Moment Indah Sebelum Menuju Lokasi Taman Kafe Camilo
Sabtu, 29 Oktober 2016. Mengalirlah gagasan sederhana tapi penuh makna. “Selamat Mas, nunggu ditraktir dengan sabar, hihihi :). Begitu mula colekan Mas Pairun Adi via Facebook (Fb) di group Bolang pada saya, seraya menunjukkan info pengumuman Kompasiana di event ini. Terima kasih, saya baru tahu, tunggu tanggal mainnya, jawabku, hehe :).
Sementara itu, Mbak Rara memposting gambar via Group WhatsApp (WA), “ini loh tempat nongkrong selain Cokelat Klasik”. Mbak Fikri merespon, “Oooo iya, iki baru”. Iya baru, lebih romantis, wkwk, timpal Mbak Rara. Begitu tulisan asli yang saya kutip dari group WA Bolang.

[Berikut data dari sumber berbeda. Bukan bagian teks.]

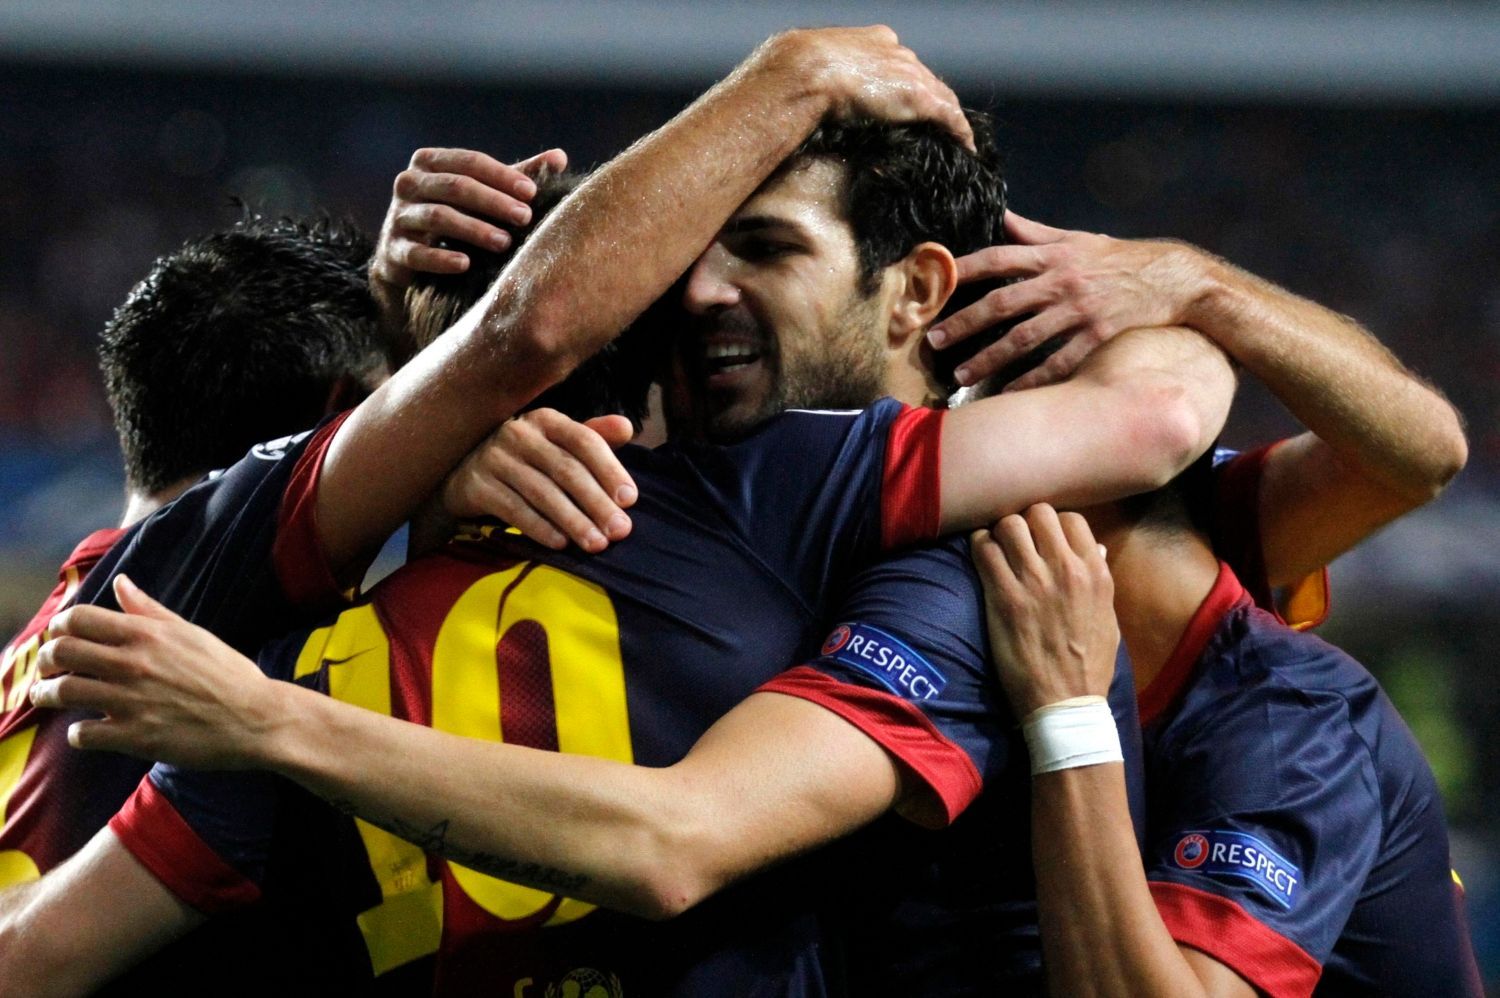 Fotbalisté Barcelony slaví gól Cesca Fábregase v utkání Ligy mistrů 2012/13 proti Benfice Lisabon.

Colekan Mas Pairun pada saya itu sebenarnya tak ada hubungannya dengan percakapan kedua mudi-mudi di atas, karena pembicaraan dilakukan di lini medsos yang berbeda. Tak disangka, gayung bersambut. Mas Hery, Mbak Desy, Mbak Erent, dkk discuss lebih lanjut via group WA.
Teringat kalimat Donn Carr di atas, lalu saya ikut nimbrung di WA seraya berkata, “Puncak keindahannya di petang hari ya? Asyik juga, asal kebagian tempat”, celetuk saya.
“Nah itu masalahnya, tambah Mbak Desy”. OK. Kalau begitu, saya setuju. "Yuk, sekalian bikin vidoe profil Bolang, pakai kaos seragam”. Mas Pairun Adi cepat meimplai, “Siap 86”. Wkwkw.
Momen Indah di Bawah Pepohonan Jati, CaféCamilo.
Unik. Coffe Camilo tempatnya berada di tengah tanaman pepohonan jati dekat pinggir kota, tepatnya di daerah Joyo Agung. Di kiri kanan jalan Joyo Agung menuju lokasi, dulu sangat sepi. Hanya terdapat beberapa rumah penduduk dan tanah pekarangan, pepohonan sengon, jati, dan sejenisnya. Jaraknya sekitar 1,5 dari Villa Bukit Tidar (VBT), Kota Malang.
Berkat kreativitas para entrepreneur yang hadir di kawasan Joyo Grand dan Joyo Agung, daerah yang sebelumnya sepi itu kini jadi ramai. Setidaknya, terdapat tiga tempat coffee bersetting alami yang saling berdekatan dan laris manis di kawasan itu. Ada nama Cokelat Klasik, Bukit Delight, dan Camilo. Harganya pun relatif bersahabat untuk warga yang tinggal di daerah berjuluk Kota Tribina Cita (kota Pendidikan, Wisata, dan industri jasa).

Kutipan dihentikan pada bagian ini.